According to UN OCHA 3,2 million women and children in Yemen are acutely malnourished - the number of children suffering from severe acute malnutrition has increased by 90% in the last three years.
And it is not only malnutrition the children suffer from.
“We see that diseases like measles, diphtheria and chicken pox have returned. They were not present before the conflict,” says doctor Anisha.
She used to vaccinate the children, but the clinic can no longer provide this vital service. The vaccinations need to be stored in a cold place, but because of the lack of electricity and fuel, this is no longer an option.
It is the same story with the X-ray machine which has not been working since the beginning of the conflict. And the ultrasound scanner has been silent for the last year, since the clinic cannot afford to pay salary to an ultrasound doctor who can operate it.
Doctor Anisha is the only doctor to help the approximately 40 patients who come to the clinic every day.
“We need more doctors and nurses in the clinic,” she says, adding:
“And we need medicine to treat patients with hypertension and diabetes. We can check their blood pressure and blood sugar, but we cannot give them medicine. Medicine is the most important.”
The clinic has a laboratory, but currently they cannot carry out liver, kidney and cholesterol tests because of lack of equipment. Today it is free for the patients to get tests done in the laboratory, but in the future, the clinic might be forced to demand payment.

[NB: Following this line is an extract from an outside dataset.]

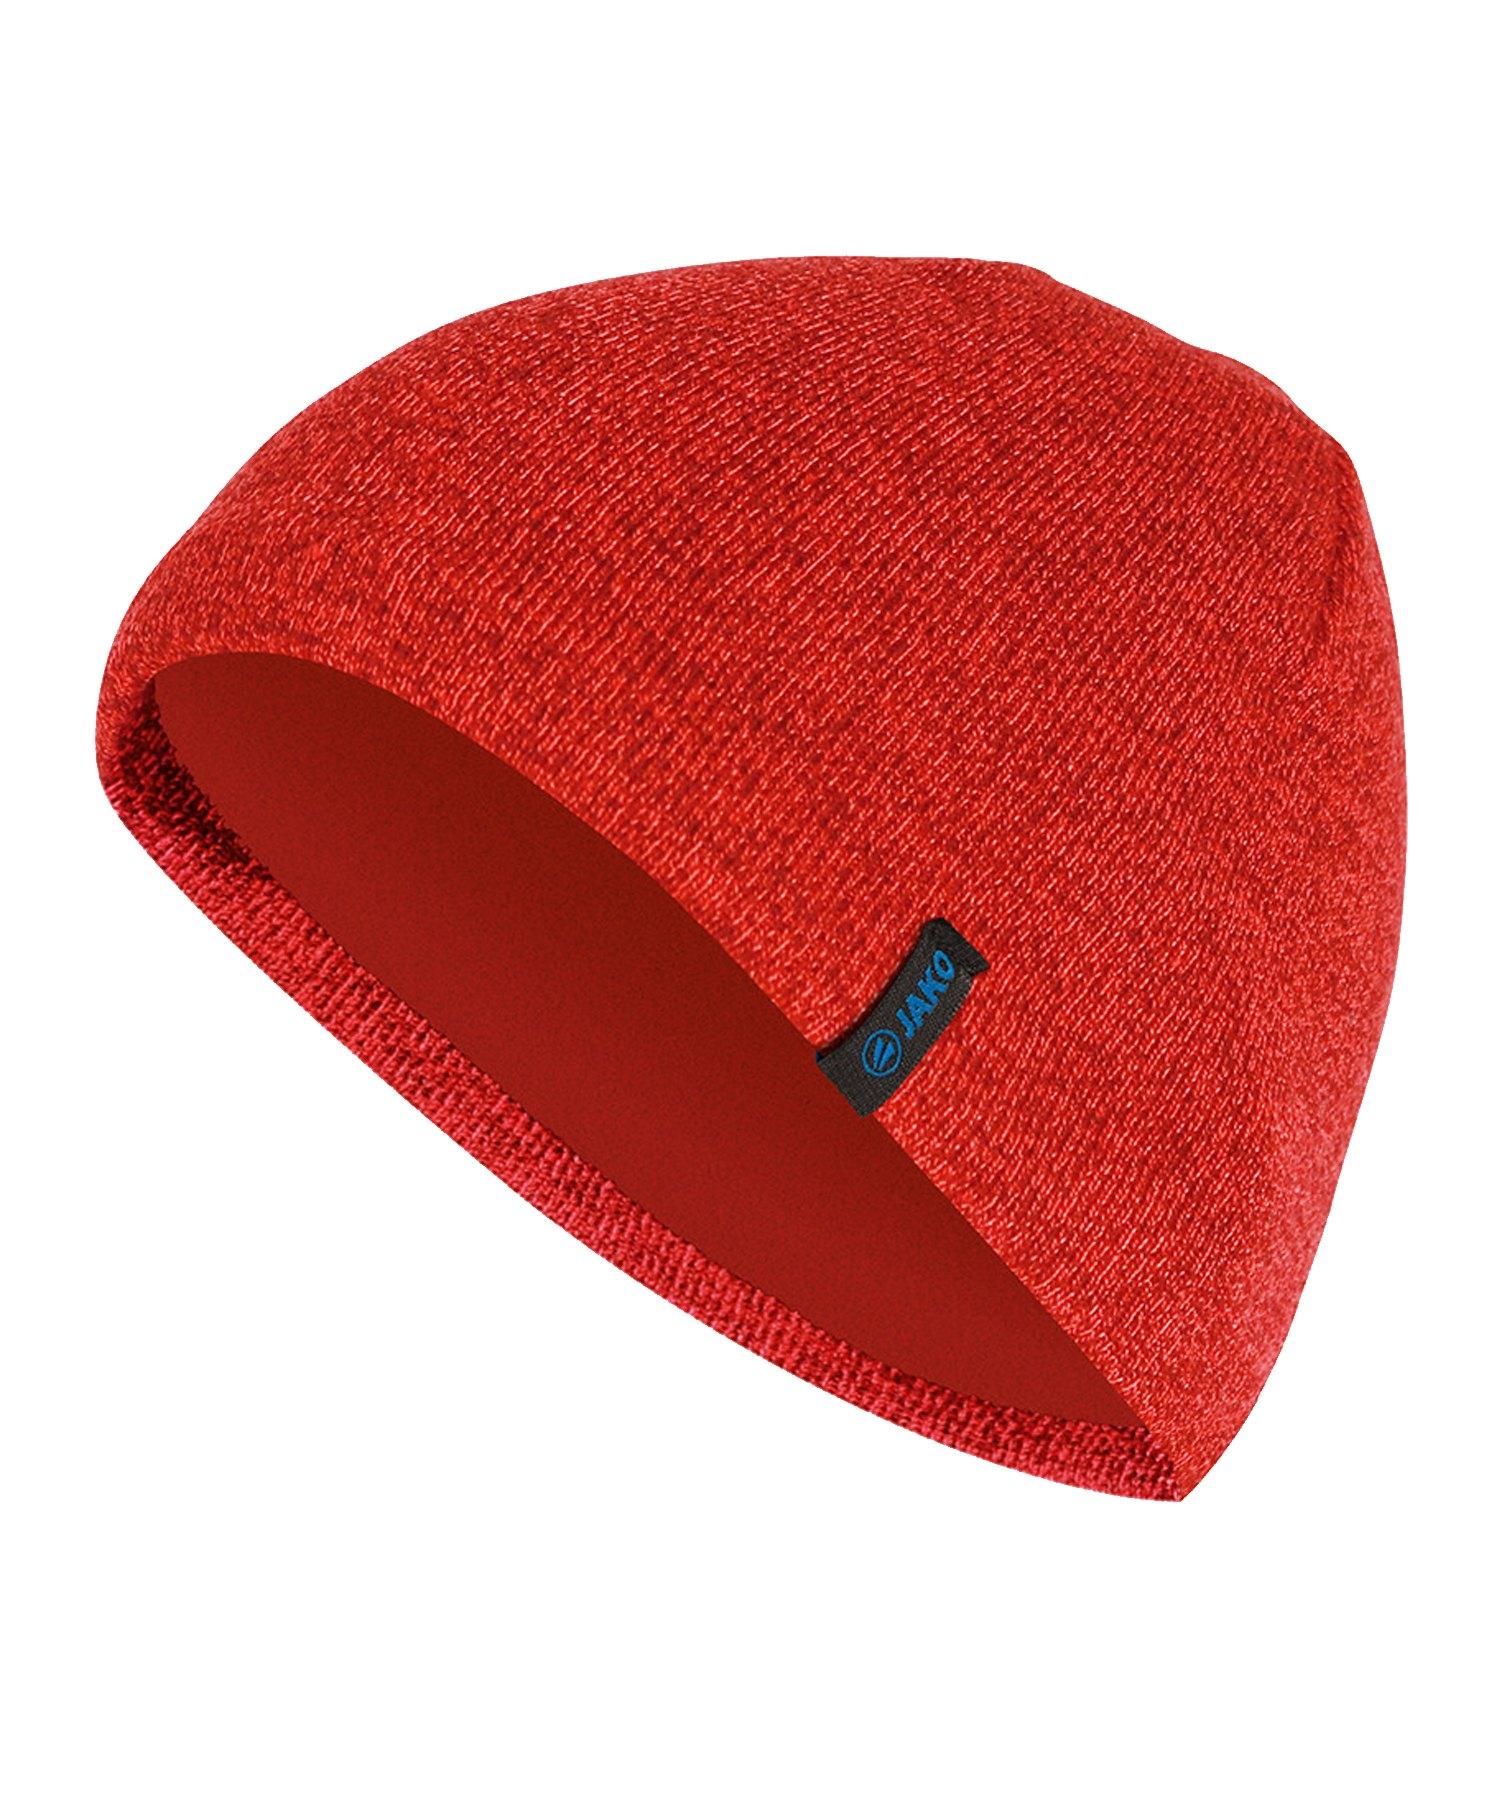 Jako Strickmütze Rot F01 - rot

It is not going to be easy for the patients.
“Our patients are poor,” says doctor Anisha.
Stay and risk your own life
Many doctors and nurses have fled from the conflict in Yemen. But not Doctor Anisha.
“The future is horrible. If you stay here, you are killing yourself. But I stay and do my best. I cannot leave my patients here. I would feel bad, if they came and asked for me, and I wasn’t there.”
“We help people the best we can.”
According to UN OCHA an estimated 19.7 million people in Yemen lack access to basic healthcare.
But only 51% of the health facilities are functioning.
The Yemen Red Crescent Society currently runs 22 health facilities around the country.